- [Recorded data]
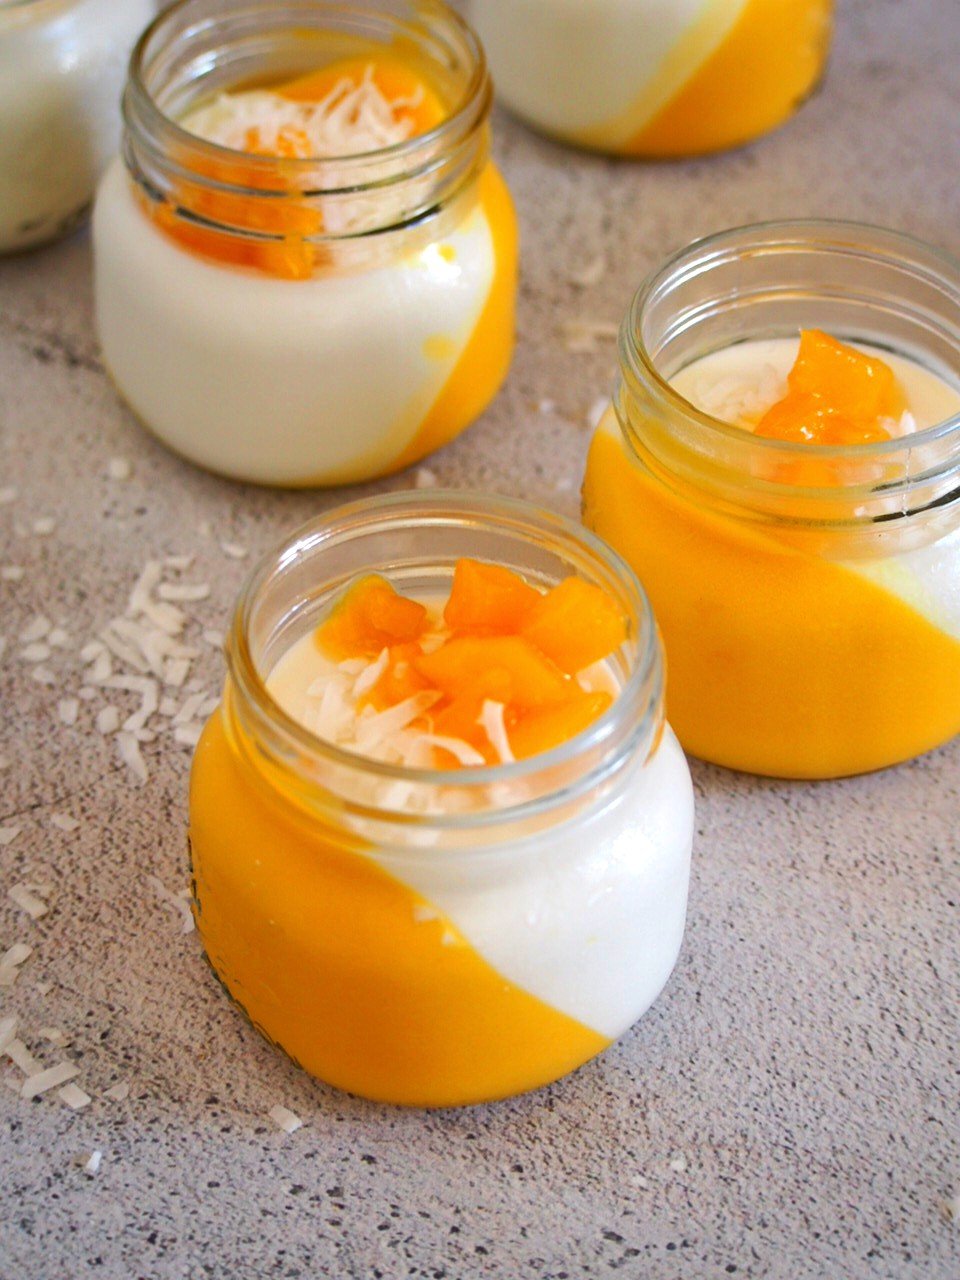 The coconut mango panna cotta with caramelized mangoes and flaked coconut.
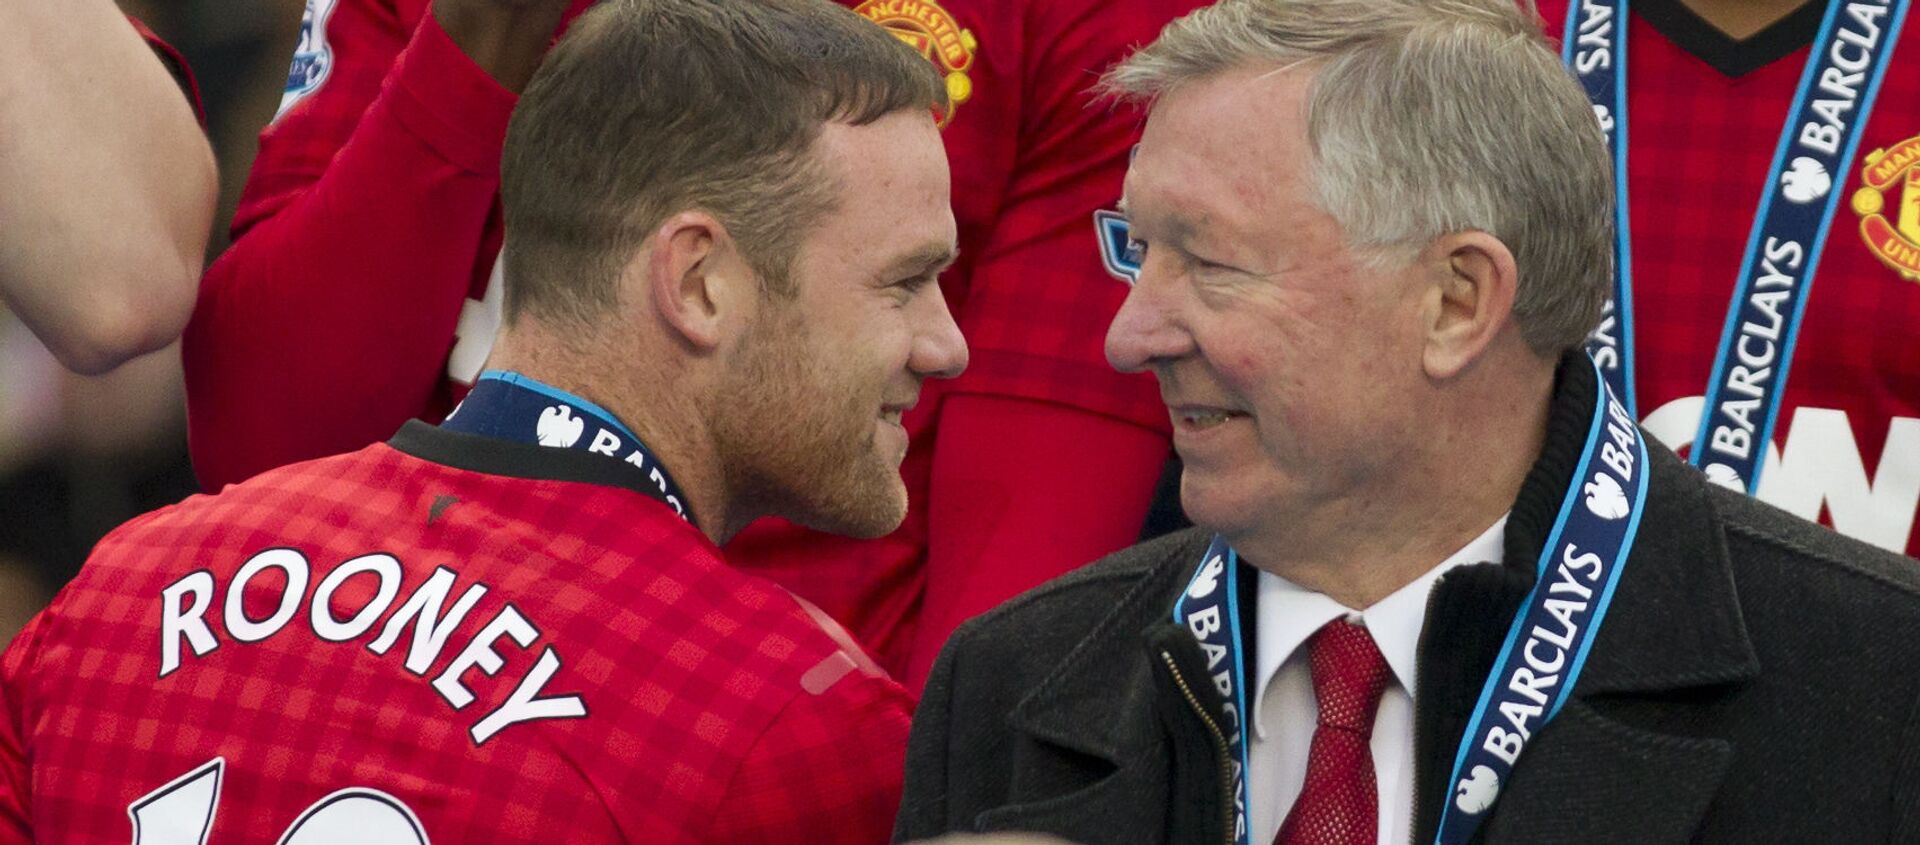 Manchester United's manager Sir Alex Ferguson, right, speaks to striker Wayne Rooney after his last home game in charge of the club, their English Premier League soccer match against Swansea, at Old Trafford Stadium, Manchester, England, Sunday May 12, 2013 - Sputnik International, 1920, 01.04.2021
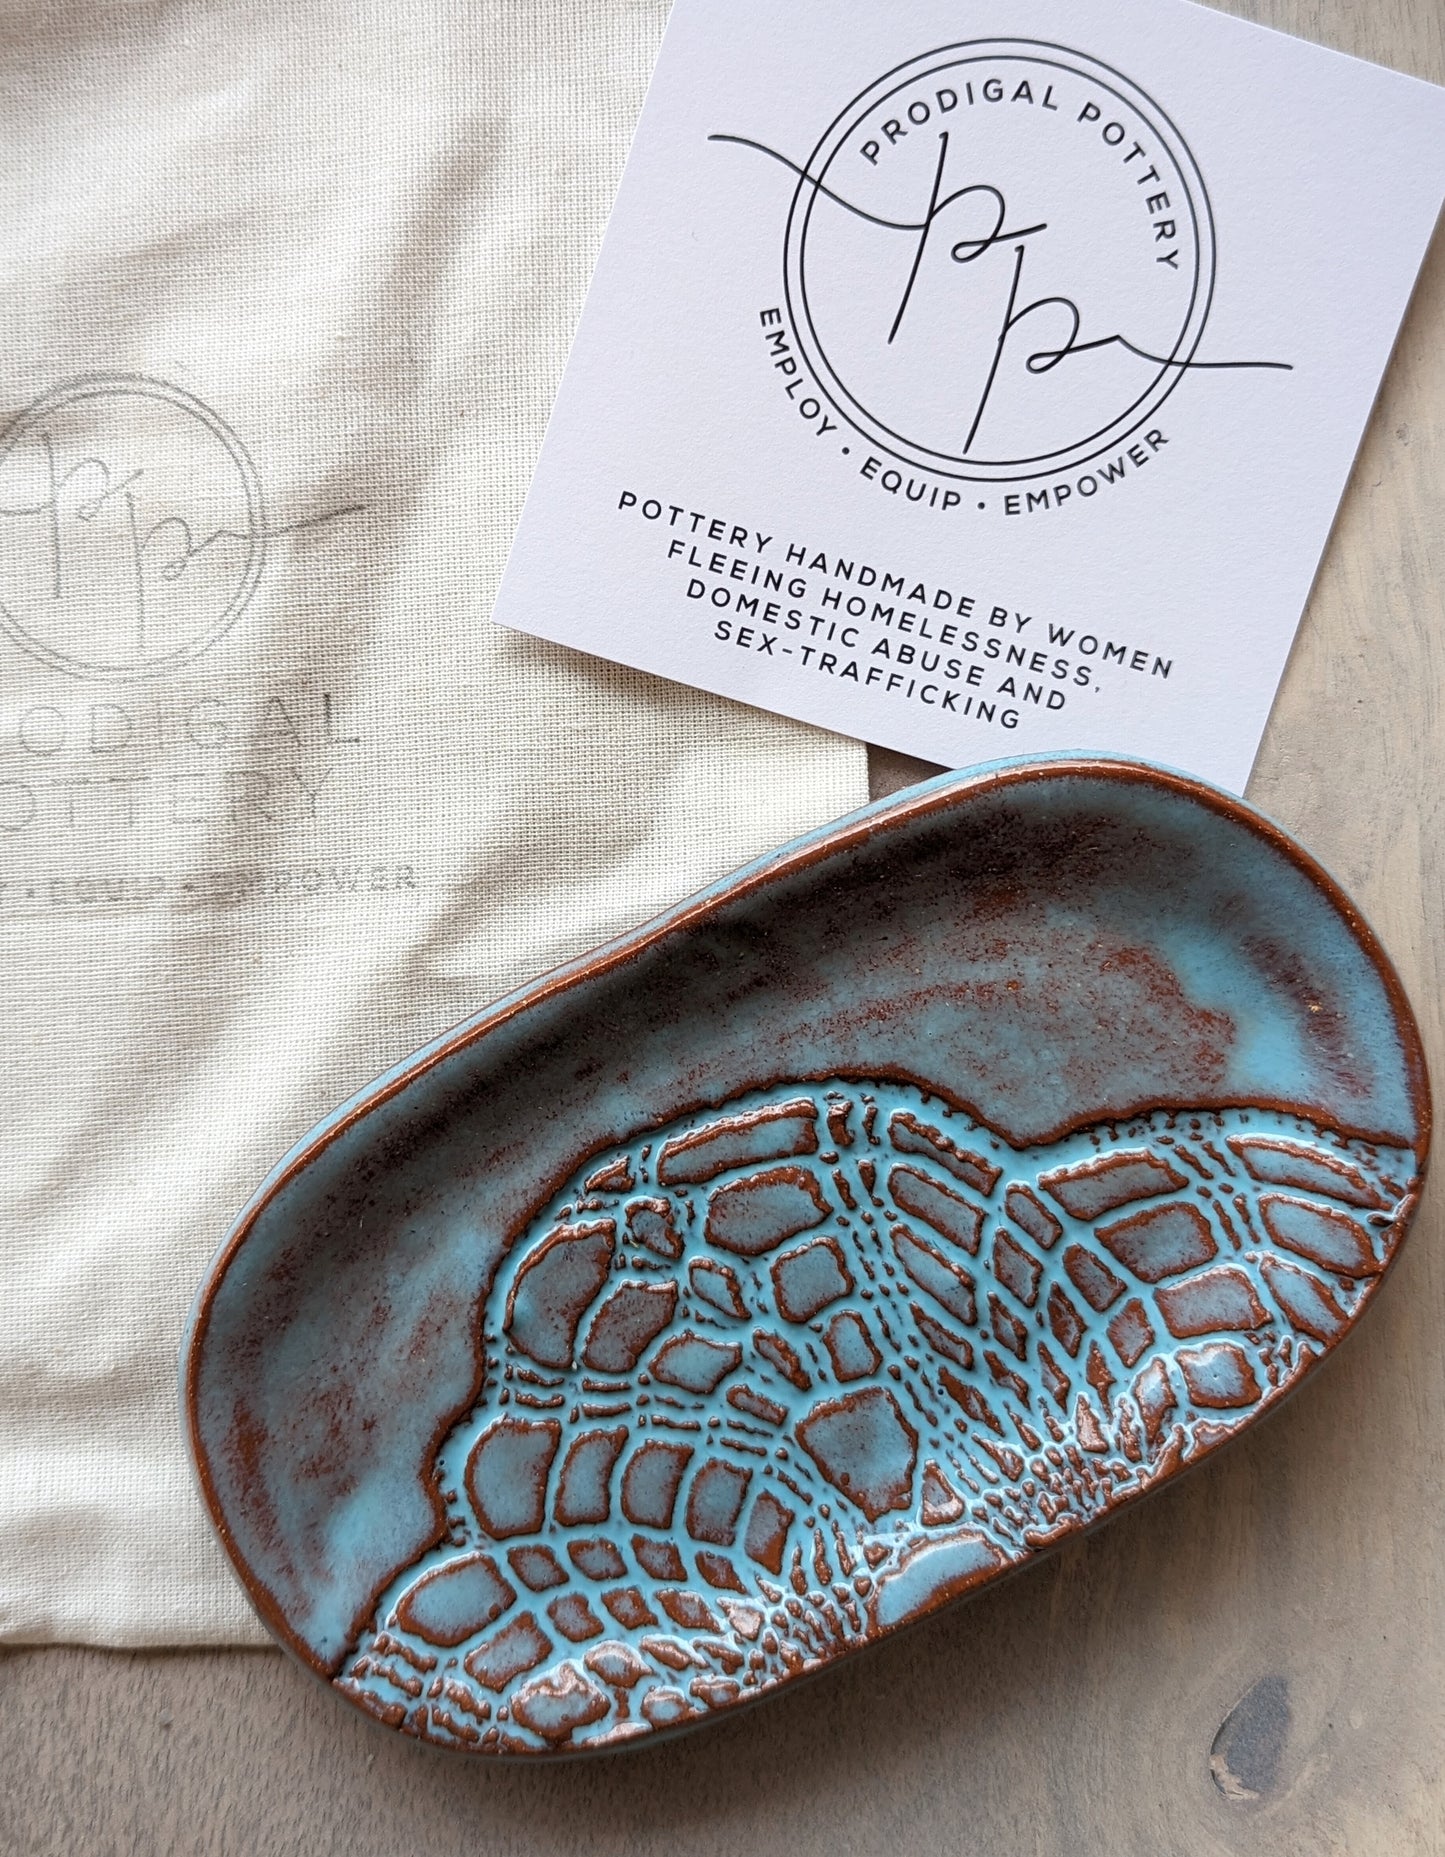 Handcrafted Ceramic Soap Dish by Prodigal Pottery

- [Task to complete]
Without copying any picture, repeat the full listing above word for word.

- [Exercise result]
 The coconut mango panna cotta with caramelized mangoes and flaked coconut.
 Manchester United's manager Sir Alex Ferguson, right, speaks to striker Wayne Rooney after his last home game in charge of the club, their English Premier League soccer match against Swansea, at Old Trafford Stadium, Manchester, England, Sunday May 12, 2013 - Sputnik International, 1920, 01.04.2021
 Handcrafted Ceramic Soap Dish by Prodigal Pottery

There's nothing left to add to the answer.